Despite the major strengths of our approach (i.e. population-based, large and representative sample, age 60–85 years), our study has some limitations too. As we did not include nursing home residents in our study, our findings are only applicable to elderly living in private homes. Therefore, it is possible that we underestimated somatic morbidity. Furthermore, self-rating instruments were used. Without a clinical interview – the gold-standard criterion – the prevalence of some conditions might have been overestimated or underestimated. However, the instruments employed are well-established and demonstrated good psychometric properties,18–21,37,47 and the agreement between self-reporting and medical charts was shown to be good.48 Unfortunately, our cross-sectional study design does not allow us to interpret findings in a causal way.

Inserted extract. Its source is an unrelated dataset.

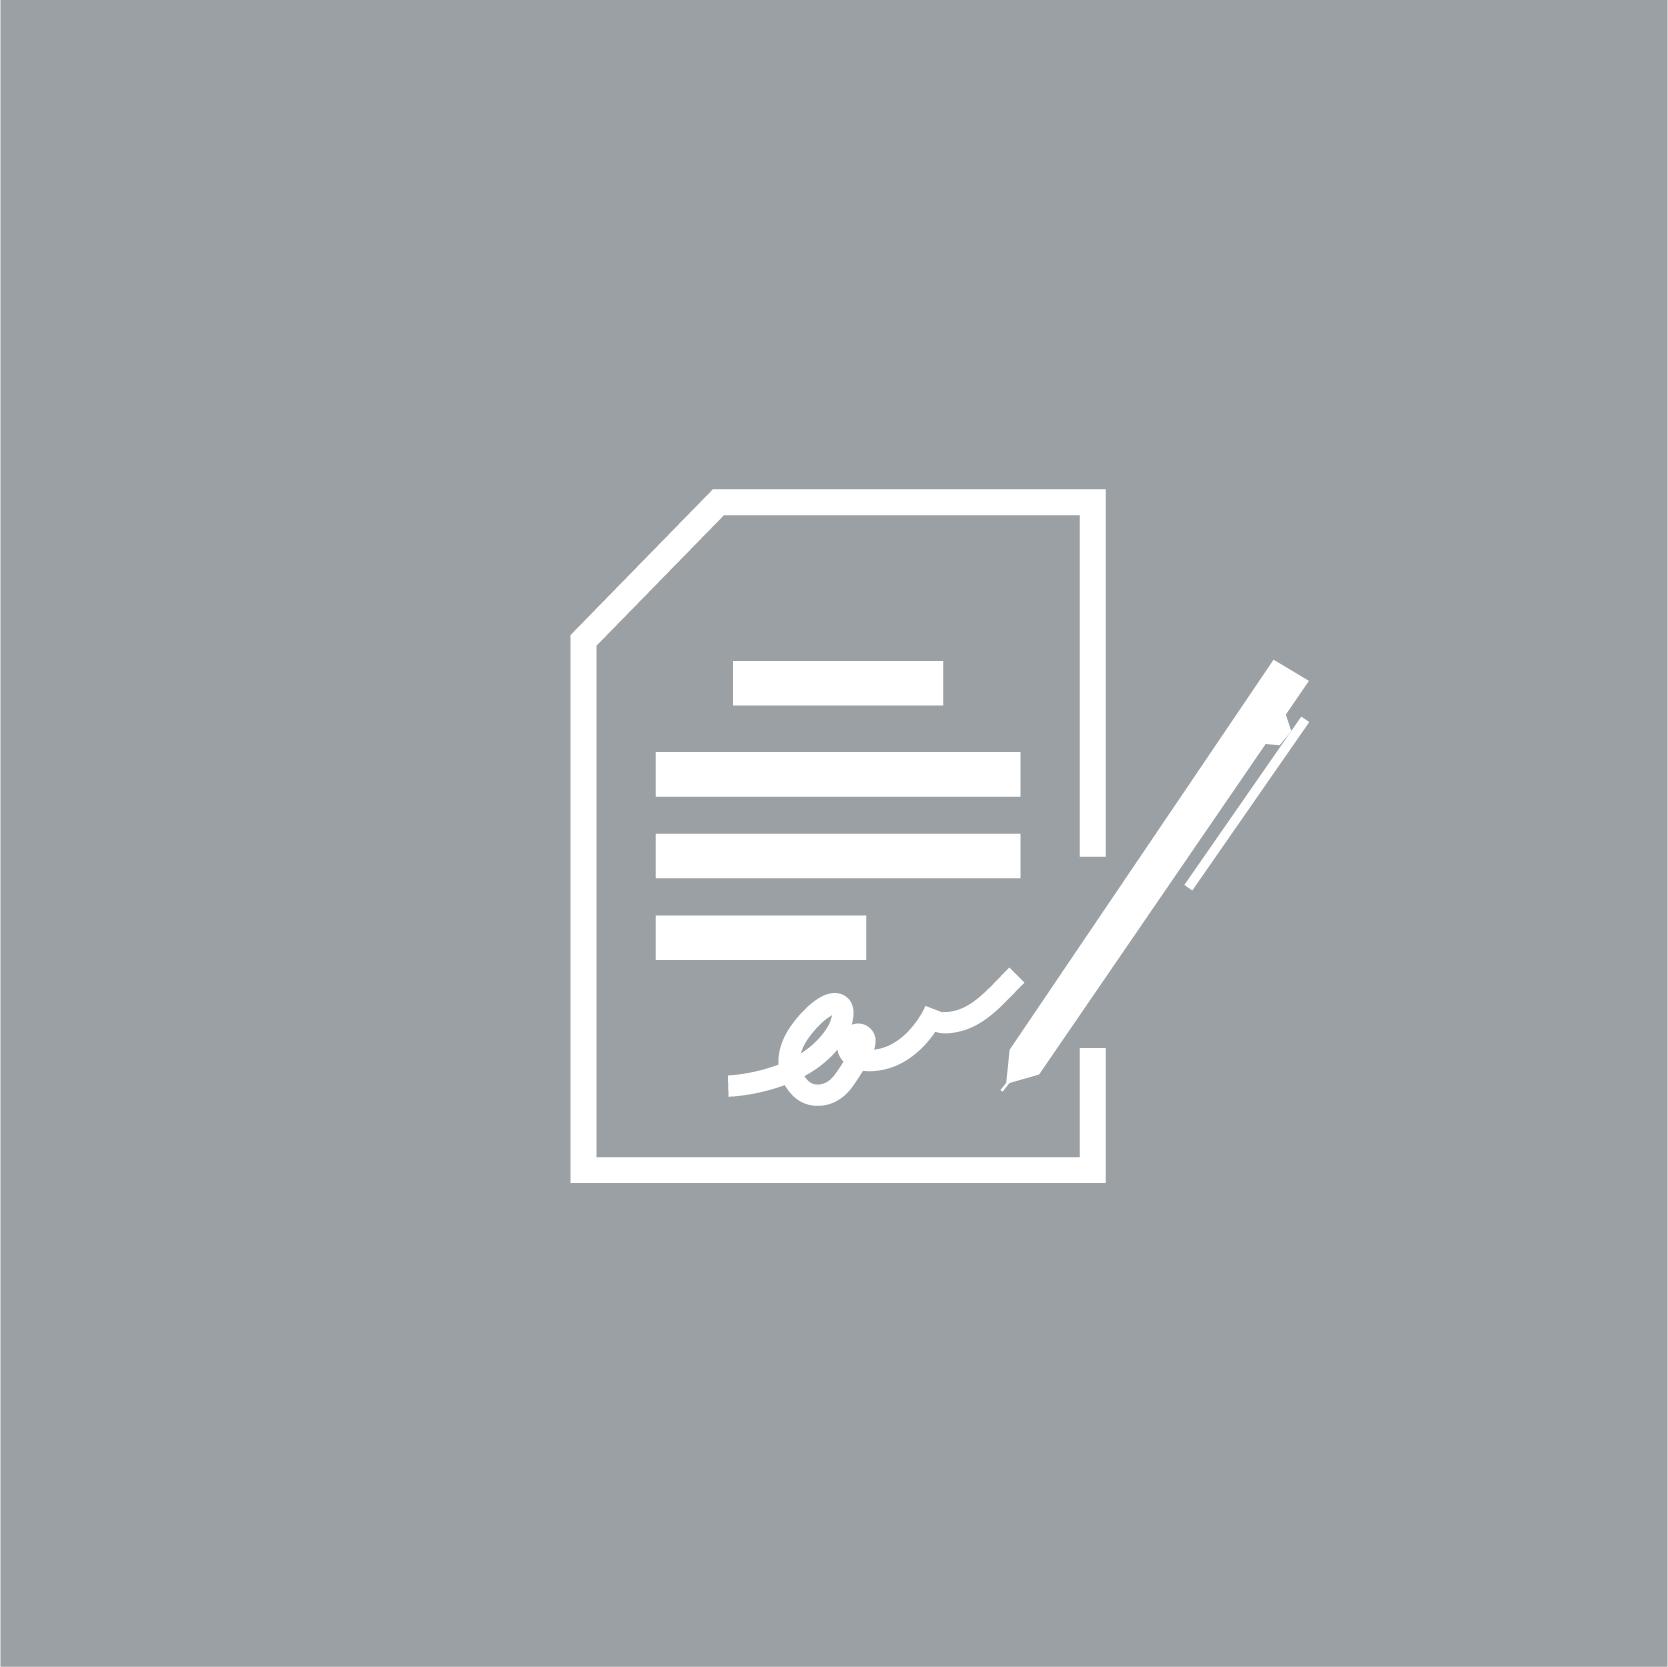 Manage Post Ratification -

If depressive symptoms such as sleep problems are either a result of a chronic condition, a result of the disease burden or independent of the condition should be prospectively studied under a longitudinal perspective.6
Notwithstanding the clear cut association between multimorbidity and PHQ-9 scores in ‘non-depressed’ and partly in ‘depressed’ elderly, the interpretation of our results remains difficult. It appears that multimorbidity is associated with higher item scores, especially in the somatic items, and multimorbid persons show higher depression severity when applying the PHQ-9 dimensionally. It must be taken into account that the PHQ-9 is confounded by multimorbidity. However, it has been demonstrated that the PHQ-9 performs well in the elderly.18–21,49 Future studies should investigate the performance of the PHQ-9 in multimorbid persons by receiver operating characteristics using a gold-standard criterion.